Беспомощный, безгласный, лежал на своей повисшей над водой плахе Антон Берсенев. Он не хотел больше жить. Он жалел о том, что не погрузился в радужный омут и не проник за мерцающую мембрану. Сделай он это тогда — и теперь бы ему не пришлось умирать мучительной смертью при каждом Лизонькином крике и неотвратимо воскресать для новых страданий. Где-то наверху, в роще, трое обезумевших от наркоты подонков готовились убить его ребенка, а он был обречен на роль свидетеля, бессильного им помешать.

Быть может, окажись на его месте кто-нибудь другой, он просто не поверил бы в серьезность их намерений. Но профессия Антона научила его придерживаться одного простого правила: какой бы ужасающей ни казалась иной раз теневая изнанка жизни, в действительности все обстоит гораздо хуже.

Он ни секунды не сомневался в том, что троица наверху может убить его дочь. Он знал, что помочь ей не в состоянии. Он больше не верил в действенность молитв.

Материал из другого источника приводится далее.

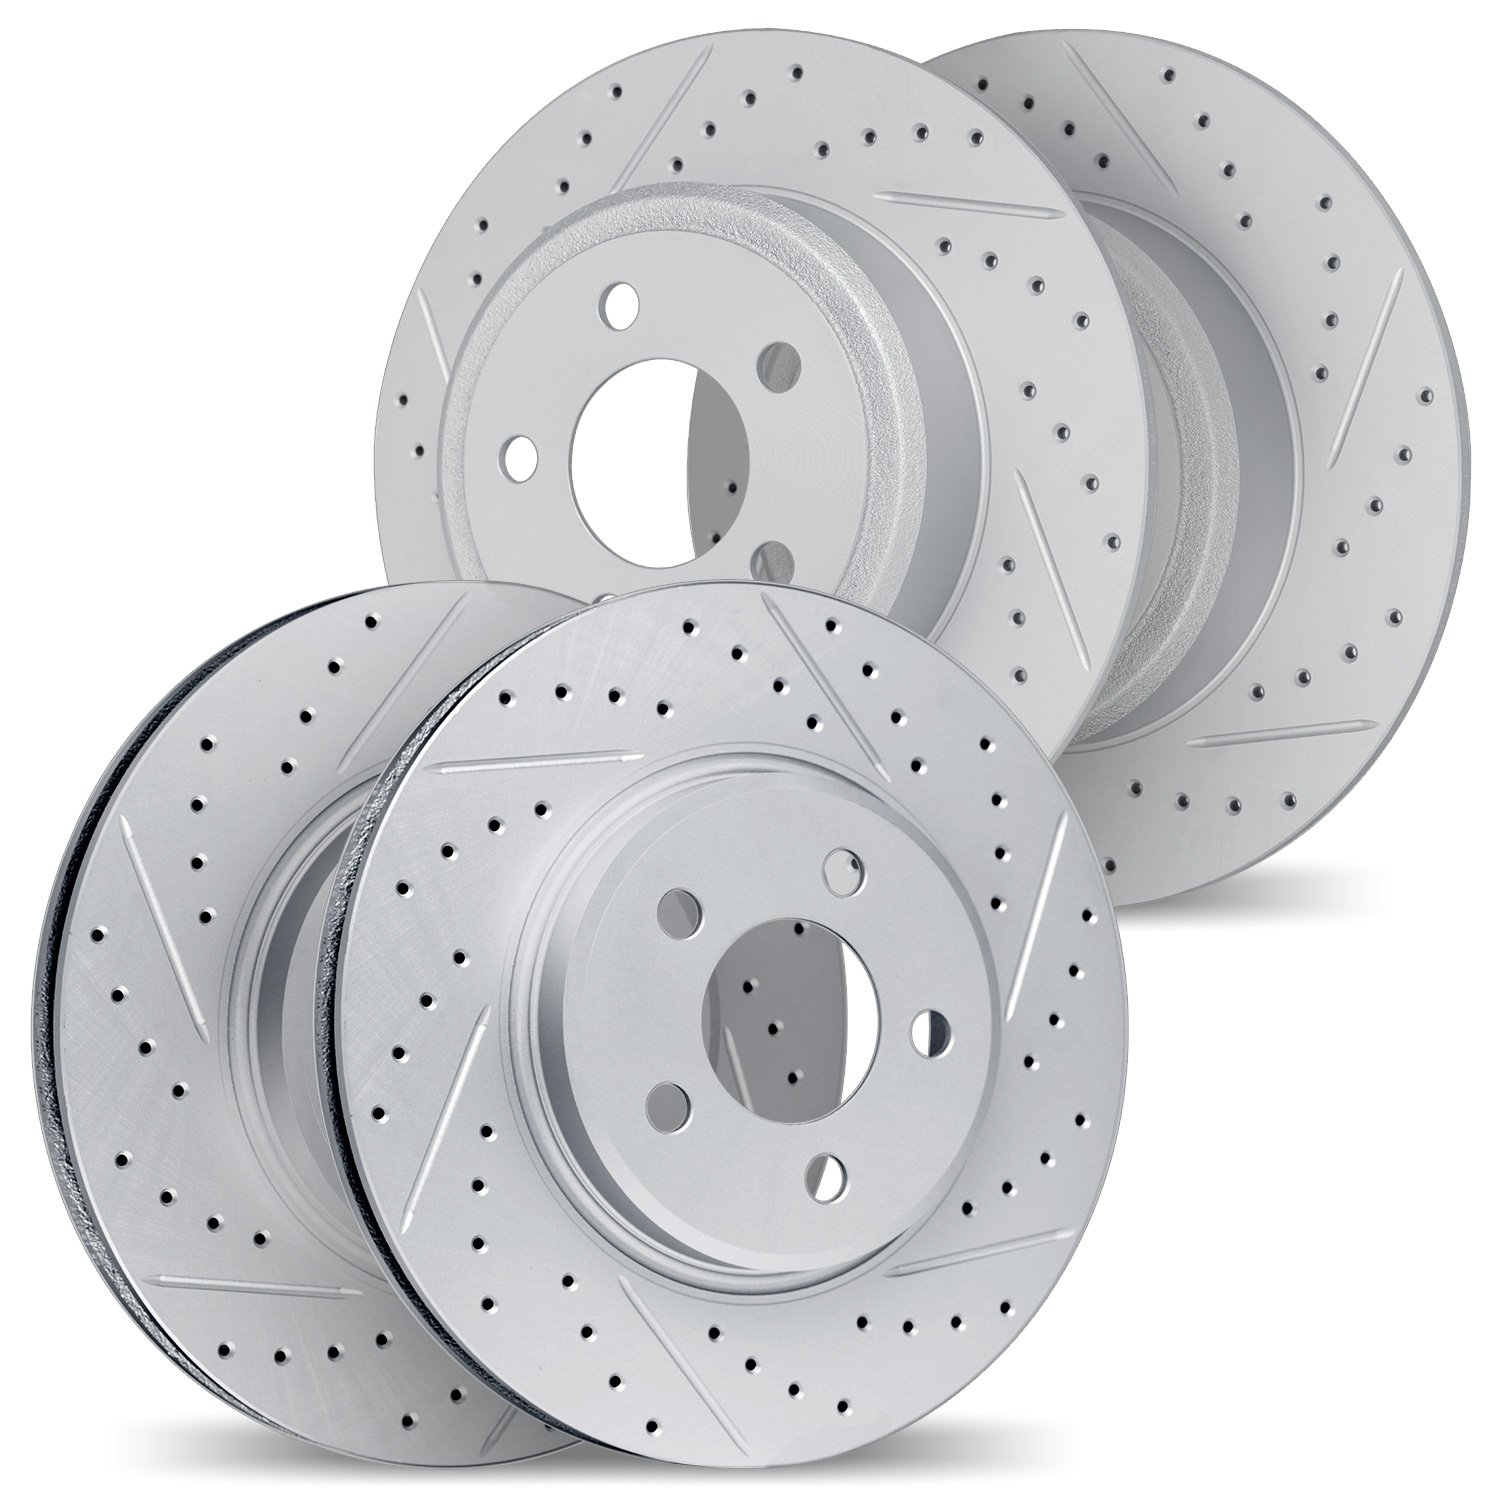 2004-73019 Geoperformance Drilled/Slotted Brake Rotors, 1999-2005 Audi/Volkswagen, Position: Front and Rear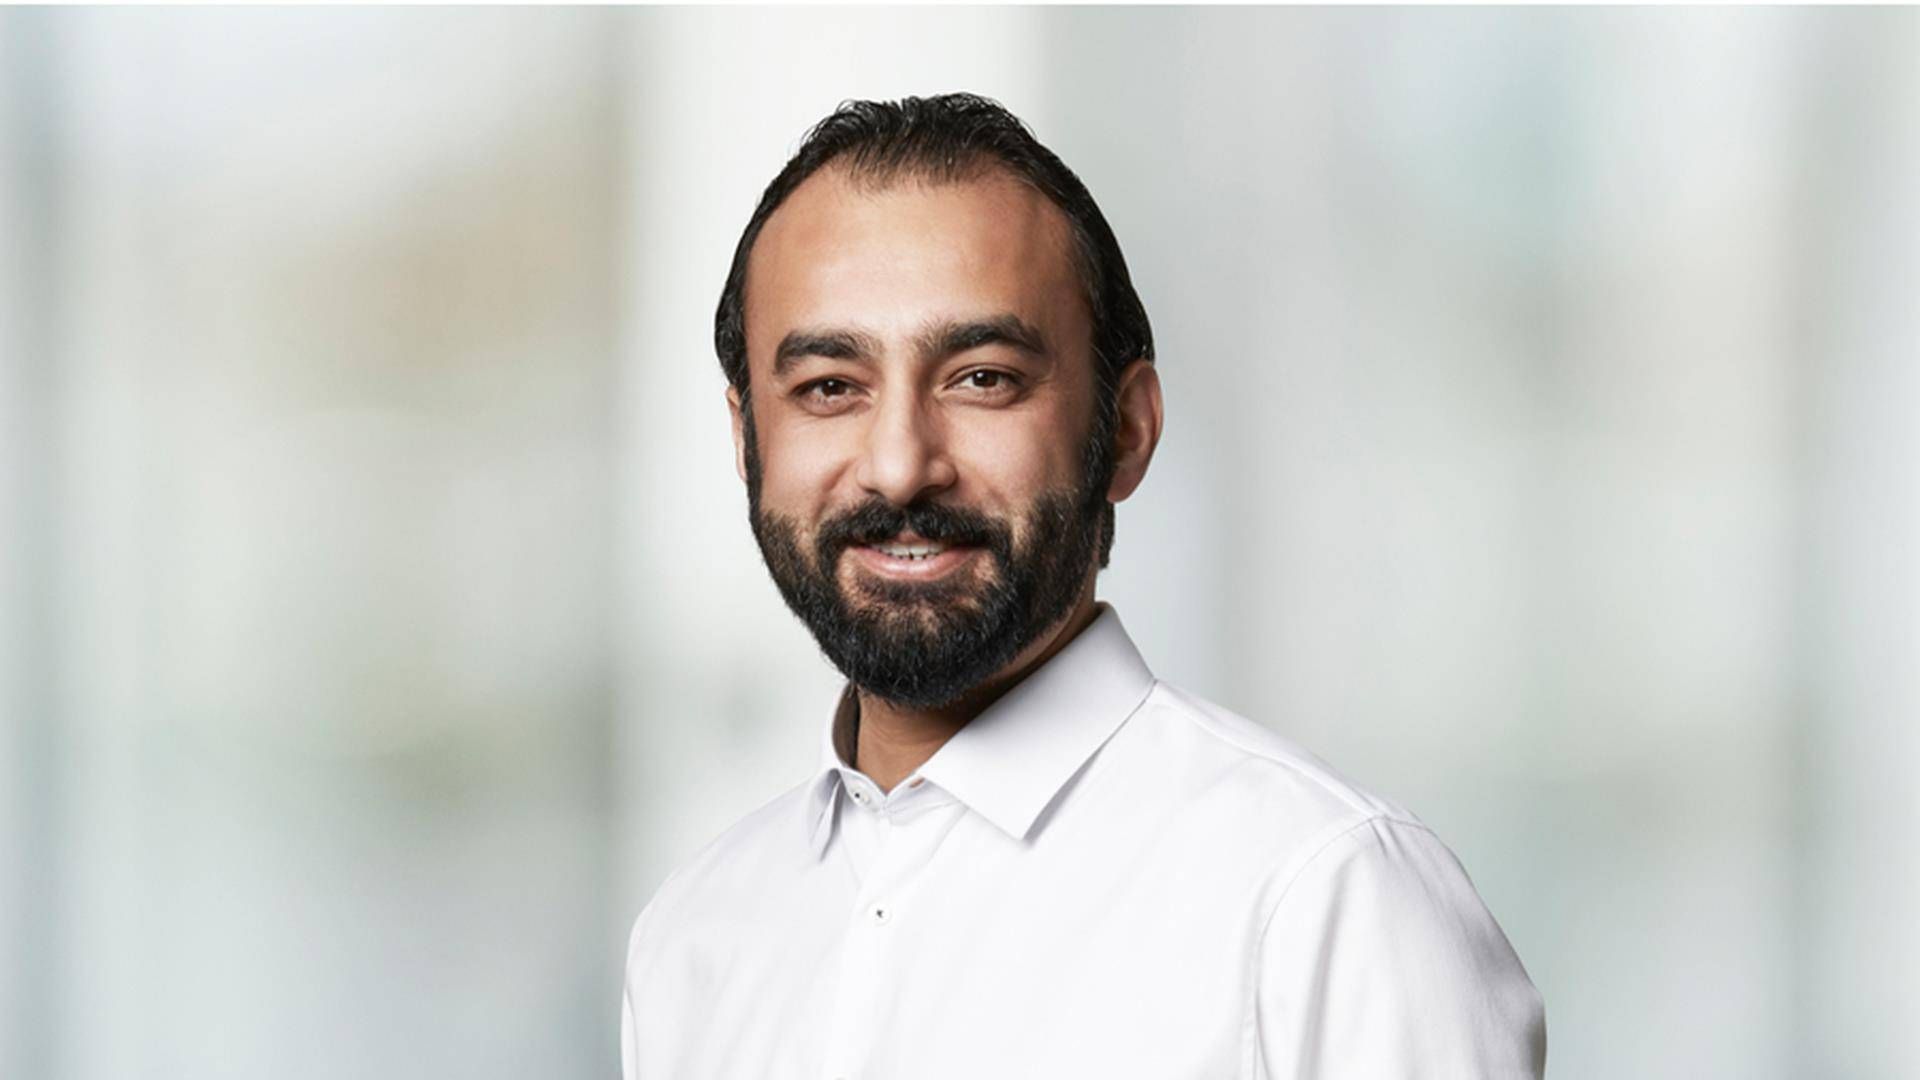 The stop-and-go expansion in Europe has led to low utilization of LM's factories, new CEO Hanif Mashal said last week. | Photo: Lm Wind Power

Он устал балансировать на грани безумия и реальности, превосходившей своей жестокостью любое безумие. Его разум не выдерживал такого напряжения.

Его единственный зрячий глаз закрылся, на его слух опустилась тяжелая печать тишины. Наконец-то он перестал слышать, как заходится в истошном крике Лизонька.

Он поскрльзнулся на скользком бортике реальности и сорвался в глубокий бассейн воспоминаний.

8

Моментальные снимки памяти: вот Антон забирает Аню с дочкой из роддома. Конец октября, ветер метет асфальт, играя последними сухими листьями. Над серым кубом больницы — неожиданно яркий синий просвет в холодном, будто покрытом инеем сером небе. Лизонька — огромный белый конверт с розовым бантом и глядящими откуда-то из кружевных глубин глазками-бусинками…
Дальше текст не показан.